Patrick Fensham, principal and partner at SGS Economics and Planning, said a 10 per cent increase in social (public or community) housing across the 44 sites was “not ambitious enough”.
“These are precious sites because they’re state-owned. Finding new sites for social housing is difficult, so these sites need to work harder to grow social housing,” he said.
“We need the share of public housing stock to be significantly increased as a proportion of total dwellings to begin to address the vast need. Sites like these are vital for that to occur.”
The premier argued on Thursday that the towers were no longer fit for purpose, saying it was no longer feasible to upgrade the ageing blocks.
“ Not everybody’s coming back. But there’s more public and social housing as a result of this and, what’s more, it’ll be unrecognisable,” Andrews said.
“It’ll be so much better. It’s not falling down. It’ll be brand new.
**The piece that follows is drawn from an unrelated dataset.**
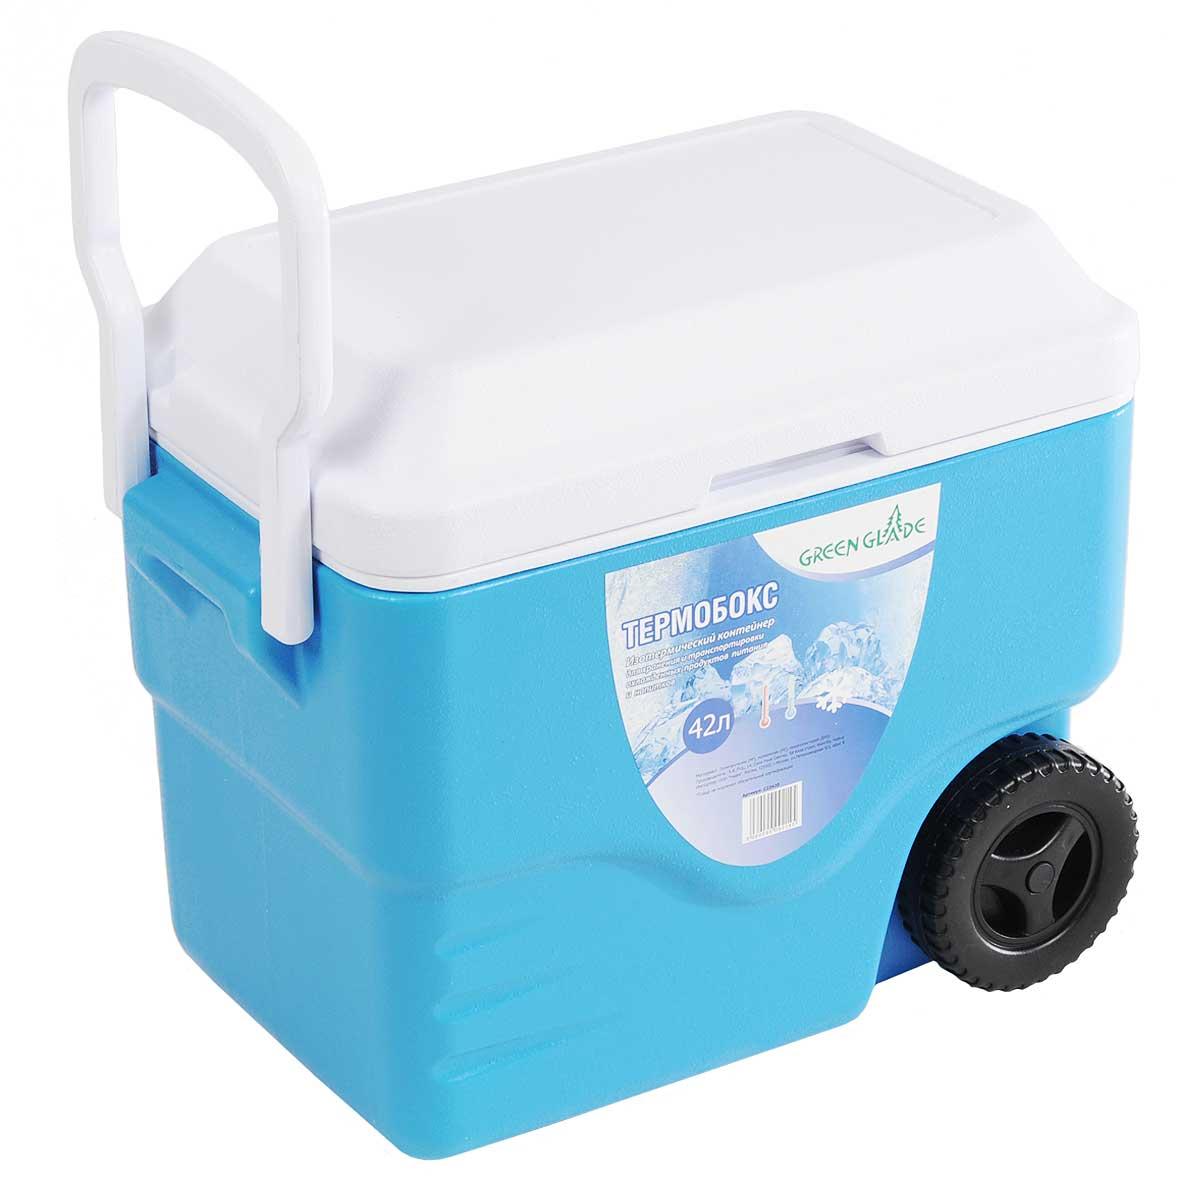 """Контейнер изотермический """"Green Glade"""", на колесиках, цвет: голубой, 42 л С22420"""

It’s not [going to be] 50 degrees in summer, and freezing cold in winter. It’s not [going to be] horribly energy inefficient. These are some of the most expensive square metres anywhere in the state, in terms of the running costs.”
Former Liberal premier Jeff Kennett criticised the decision on social media platform X (formerly Twitter), posting: “They are solid buildings, close to all services, and accommodate thousands of families. In fact the govt should build more to meet the immediate needs.”
The view from the old tower at Racecourse road of the under-construction new housing towers.Credit: Chris Hopkins
The first towers to be demolished will be two redbrick towers in Carlton –20 Elgin Street, and 141 Nicholson Street – which are empty and scheduled to be rebuilt by 2028. Two towers in Flemington (120 Racecourse Road, and 12 Holland Court), and one in North Melbourne (33 Alfred Street) are also among the first towers to go.
RMIT sustainability and urban planning lecturer Iris Levin, one of the paper’s authors and who has researched public housing estate renewal projects in Melbourne, said the process as announced would place great strain on the city’s already strained housing market.
“In the midst of a housing crisis they are going to relocate those living in public housing towers, find them other properties to live in, and then demolish the towers, instead of first building new public housing properties?”
Levin researched the fate of residents relocated from the Carlton walk-up flats, which were redeveloped from public housing to a mix of private and public housing between 2006 and 2011.
“Because it took five years [to rebuild], 80 per cent didn’t come back … it’s a long process.”
Housing expert Dr Katrina Raynor, principal social consultant at Umwelt Environmental & Social Consultants, said Housing Victoria’s task of relocating public housing residents must be undertaken with great care.
“These towers are incredibly tight-knit communities in ways that private high-density buildings are not,” she said.
“They’re really tight-knit and the demolition of buildings has to be done very, very carefully, or you demolish incredibly important ecosystems and social connections.”